I'm desperately behind in my blog reading. i just found this post at Photon Courier on the question of corporate fad surfing.

Those who tend to be excessively devoted to particular intellectual systems, it seems to me, are those who concretize abstractions..who think that some conceptual model, which may be useful under particular circumstances, is actually something real and tangible. Falling under the sway of abstractions, when one doesn't really understand how abstractions work, can be dangerous. Whether a person who thinks this way is "intelligent but uncreative" or really not all that intelligent in the first place is, I guess, mainly a matter of definition.
I'll throw a couple more ideas into the stew. When i compared Clausewitz and Michael Porter I suggested that a key difference in their respective theories lay in the relative importance of "doing" versus "thinking."

Clausewitz presents descriptive theories, his aim is to help the future commander prepare himself for the challenges he will face. In contrast, Porter's work is intensely prescriptive. His Five-factor framework and generic strategies are templates waiting for the executive's implementation.

Porter's, then, implies that the key to business strategy is "knowing". The doing will almost take care of itself. Clausewitz never presumed that the science of war (which gets studied in peacetime) could ever supplant the art of war (which wins actual battles and campaigns).

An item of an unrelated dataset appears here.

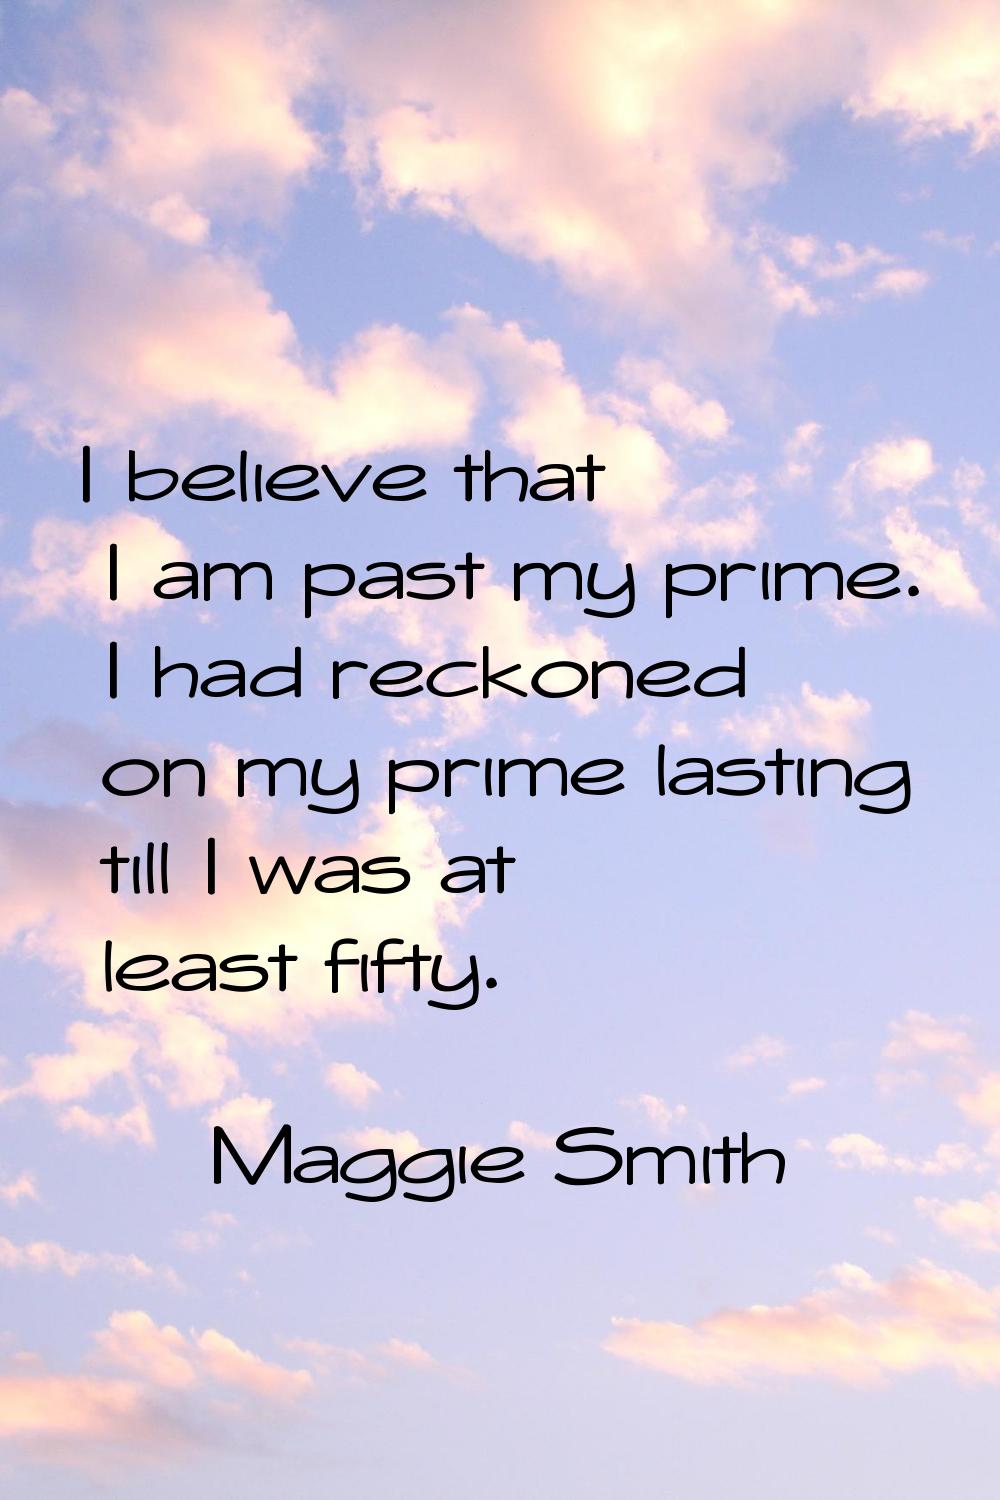 I believe that I am past my prime. I had reckoned on my prime lasting till I was at least fifty.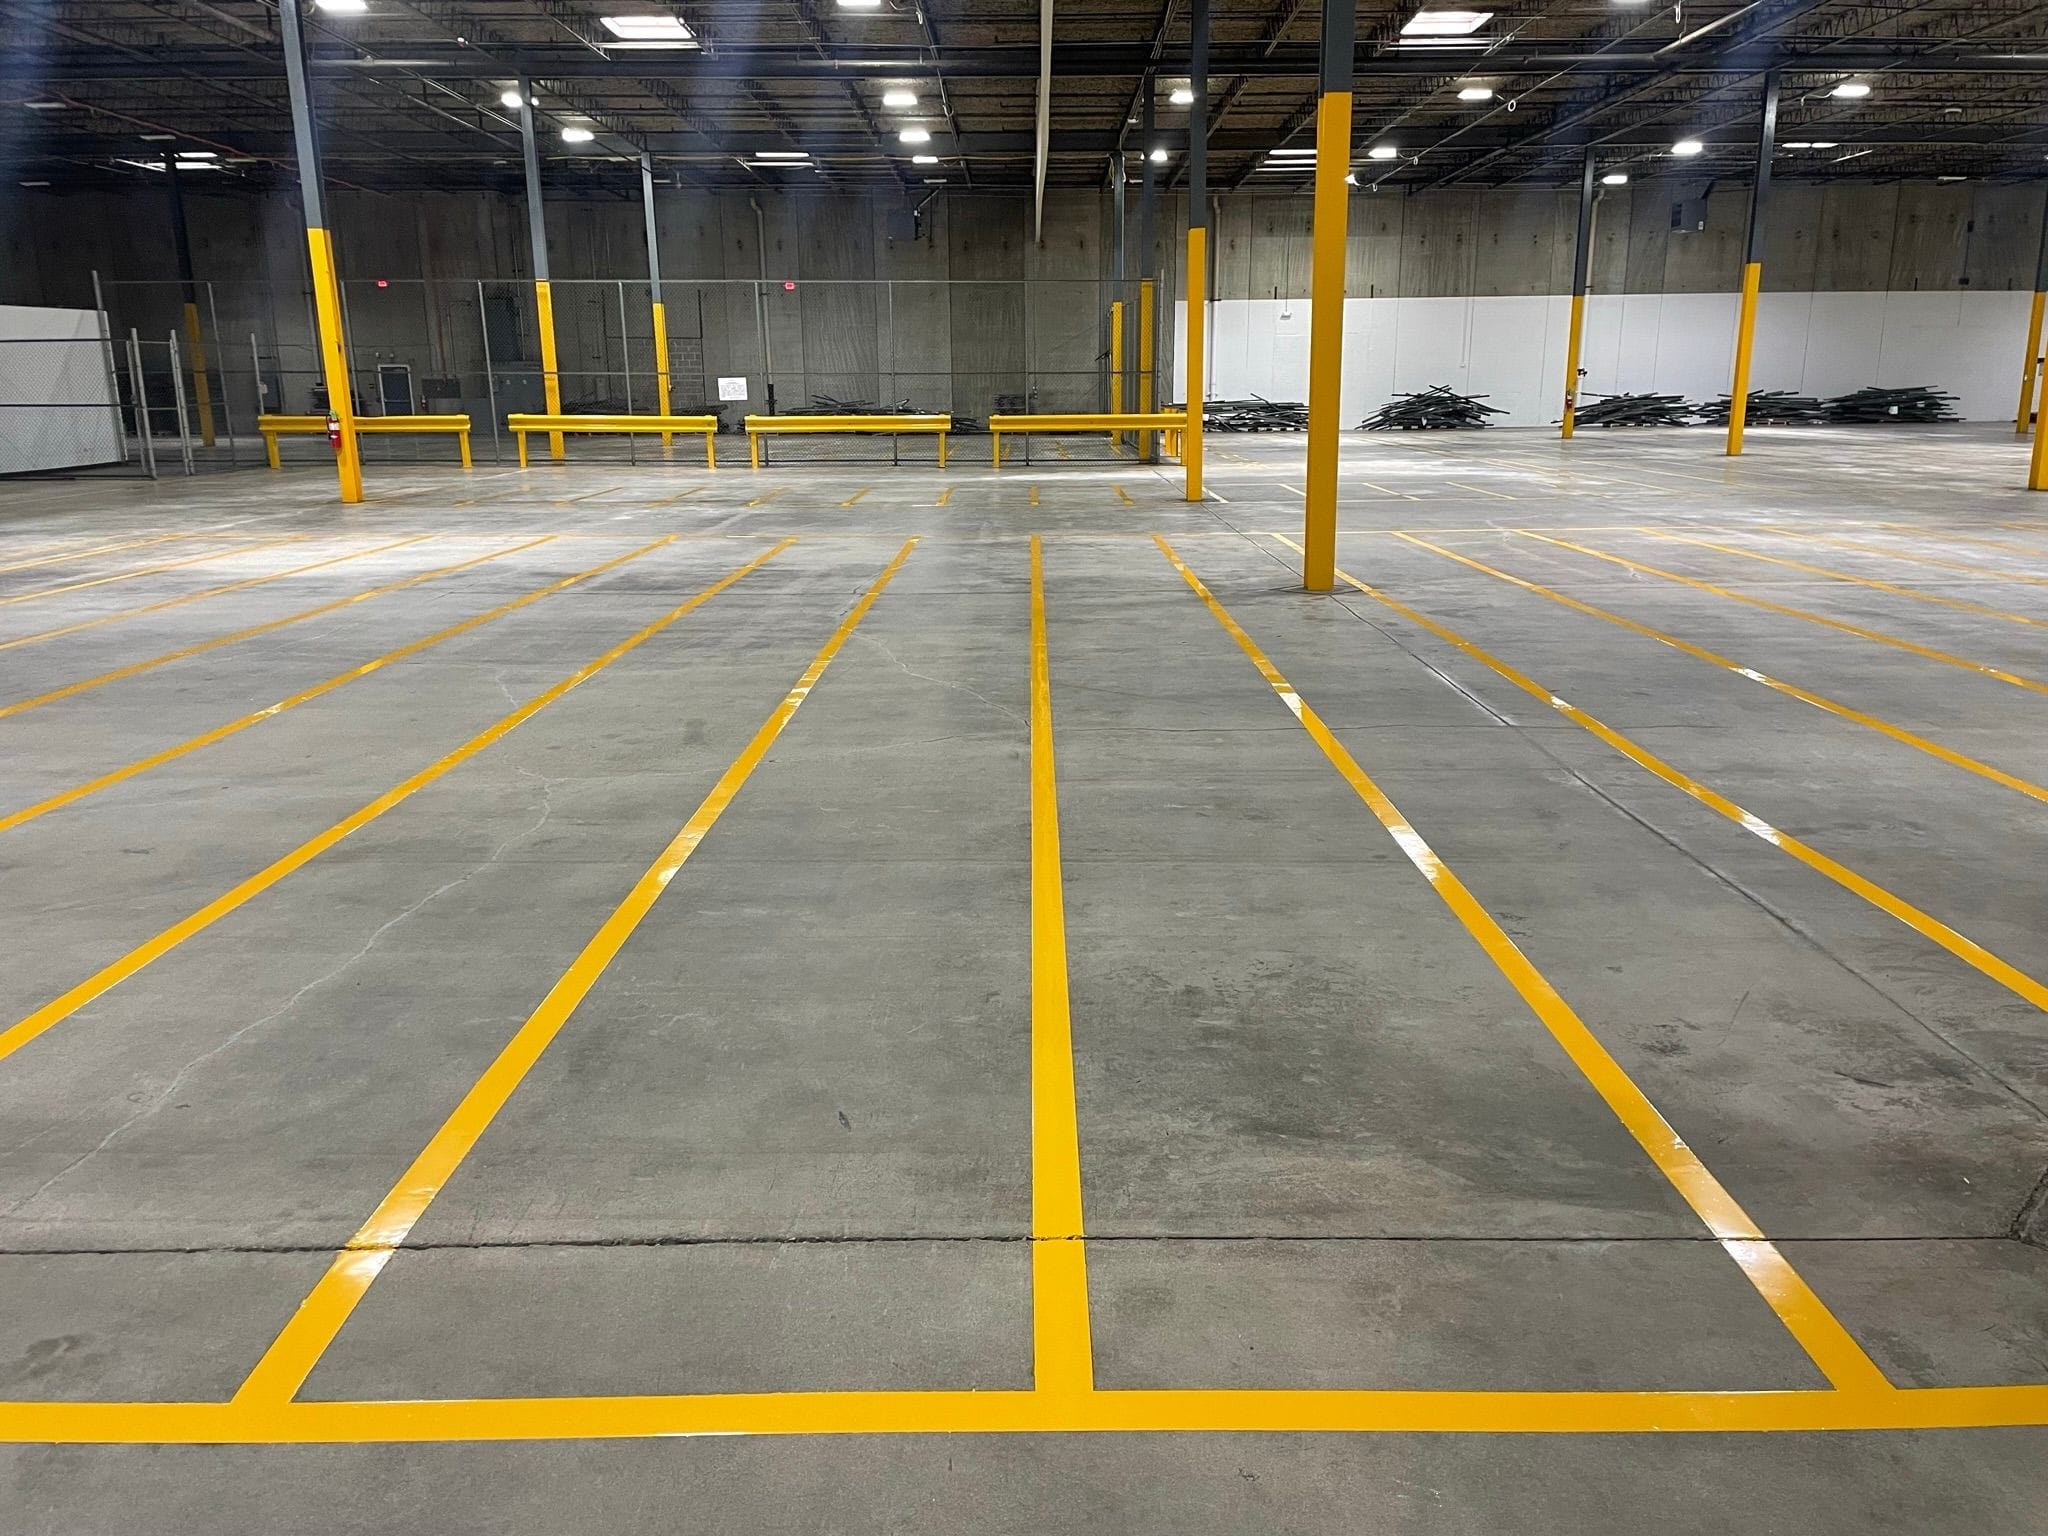 Customized line striping on a warehouse floor.

Also, this observation by John Derbyshire gives much the same diagnosis as Photon Courier:

The nature of the confirmation process ensures that in all but the most confident administrations (of which, I think, FDR's was the last), nominees to SCOTUS are controversy-free mediocrities. As Robert Bork discovered, a nominee who possesses a lively imagination, a willing pen, and a head full of interesting ideas will stand the same chance under congressional scrutiny that the beautiful Hypatia, the only great female mathematician of antiquity, stood
with the Alexandrian mob. Which is to say, he will be stripped naked and then have the flesh scraped from his living body with oyster shells.

A side effect of the justices being drawn from the lower-middle of the justicial bell curve is that, like other well-read but weak-minded folk, they are more than usually susceptible to intellectual fads.